# Banjo Agility!



## RileyMay (Aug 6, 2011)

This is Banjo doing some made up agility! I have asked my parents if they will sign me up for agility classes with Banjo for my birthday and Christmas put together!! My dad said we'll see! I keep praying that he will say yes!! Also, besides jump, tunnel, and weave, what should I use for the box, a-frame, tire, chute, dog walk, and teeter? I know I can use what's above, but I want to use something different!!


----------



## MaggieRoseLee (Aug 17, 2001)

Oh my gosh, I hope you get into the classes I think you'll both be SUPERSTARS!!!!


----------



## GatorDog (Aug 17, 2011)

Wow! That was fantastic! Hopefully you can sign up for classes. I'm sure you'd both do great!


----------



## JakodaCD OA (May 14, 2000)

Great job!!!


----------



## Daisy&Lucky's Mom (Apr 24, 2011)

Great video. Man Banjo flies. You will rock in agility .I think you could use a hula hoop held up by PVC pipe,probably cost about $10 for the tire. There are some threads about making agility equipment on here.


----------



## DanielleOttoMom (May 11, 2010)

Way to go!!! Y'all are such a great team. I'm happy to see you are making do with what you got. You need to tell your parents approve of you both taken some lessons. Lol


----------



## MaggieRoseLee (Aug 17, 2001)

What if you babysit or get some money to help pay for part of classes? May convince your parents you are serious if you help with the cost...


----------



## Konotashi (Jan 11, 2010)

That's AWESOME! Something tells me you need another camera man. I can only imagine how difficult it is to try and video while you're watching Banjo and directing him. :crazy:


----------



## ShadowBandit (Oct 26, 2011)

I hope you get the classes! Agility is something I want to try too! I don't know how the puppy would be but sometimes we drive past this agility place and it looks amazing!


----------



## MaggieRoseLee (Aug 17, 2001)

ShadowBandit said:


> I hope you get the classes! Agility is something I want to try too! I don't know how the puppy would be but sometimes we drive past this agility place and it looks amazing!

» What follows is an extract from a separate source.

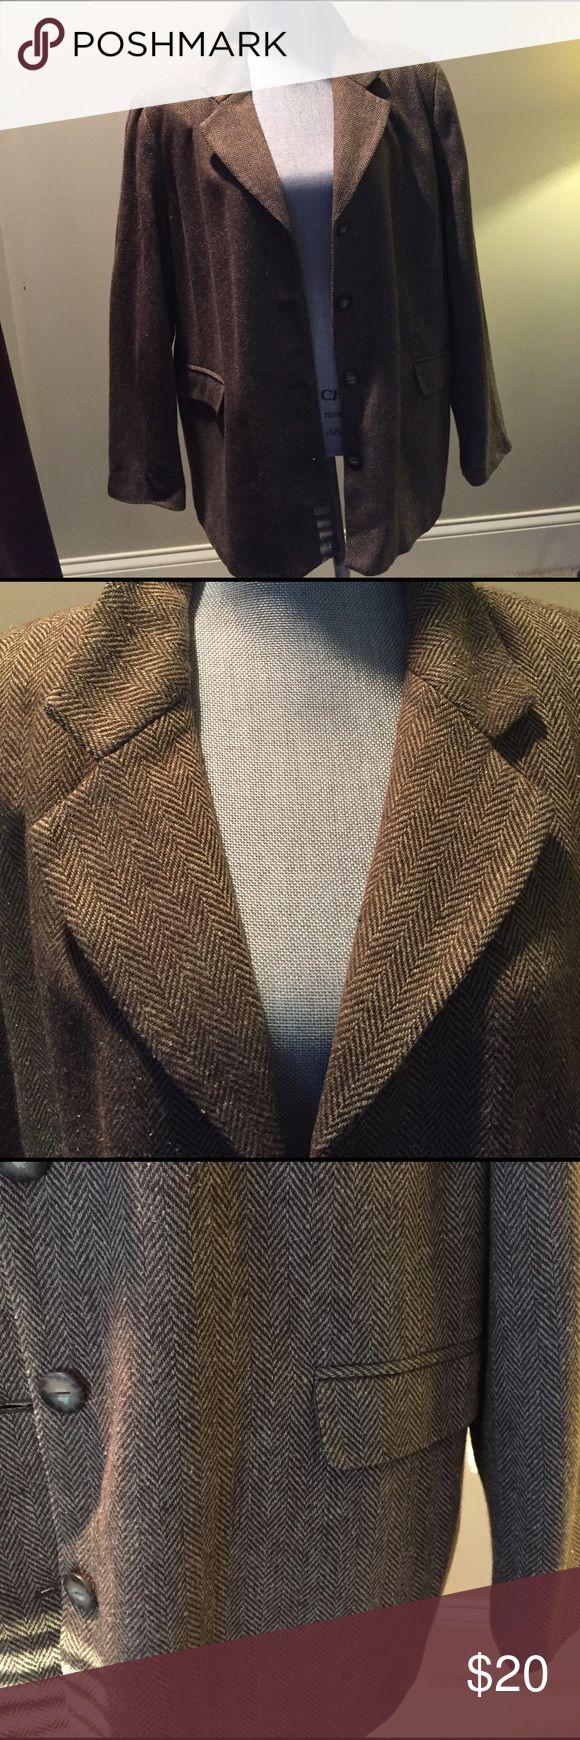 Women's Tweed Jacket Size 2X . Tweed Jacket Size 2X . Fully lined . 58% viscose, 30% wool, 12% silk. Gently worn. Smoke free environment. Cynthia Taylor Jackets & Coats Blazers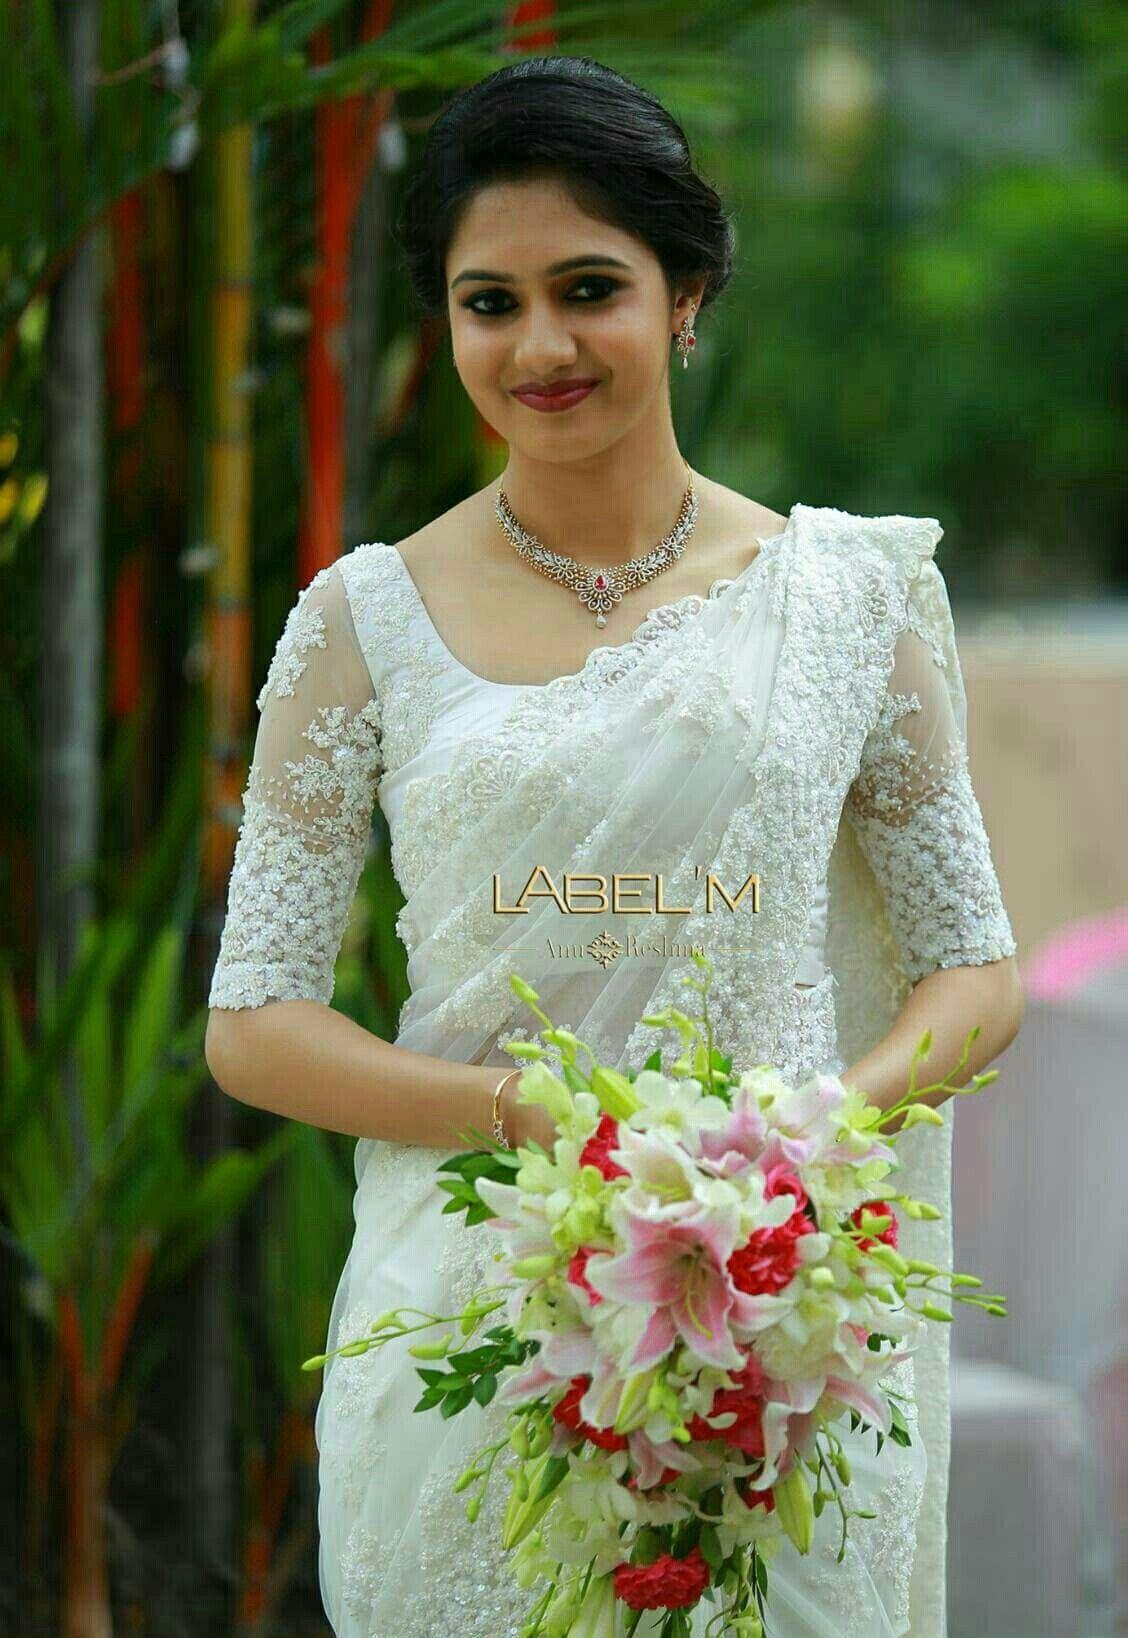 White Saree Christian Wedding Sarees White Indian Wedding Dress Christian Wedding Dress,Middle Aged Classy Summer Wedding Guest Dresses

Your puppy would be GREAT!!!!! Best to call up and find out when the next beginner session starts, and many places have puppy agility classes (no jumping and it's about the foundation skills). But agility is weird and sometimes 'new' classes can only start about every 6 months. Why I was enrolled in puppy classes a week before I even had my new puppy! :wild:


----------



## PaddyD (Jul 22, 2010)

You are doing great on your own. Does he do the chute?
I hope you can get your classes but even if you don't you are both having a lot of fun and you are creative at making obstacles.


----------



## RileyMay (Aug 6, 2011)

Oh my goodness, sorry this is late. Yeah, I need to find something to set the camera on. I don't use the chute. My dad is still thinking about the classes, which is driving me insane! Probably ordering me some real jumps, and some weave poles. I taught him the weave poles by putting sticks into the ground, lol! Everything you see here, is what I teach him to do by myself. It was actually easy. He loves agility. He's very driven too, which I also love!! Agility is something I love, and hope to do soon!!


----------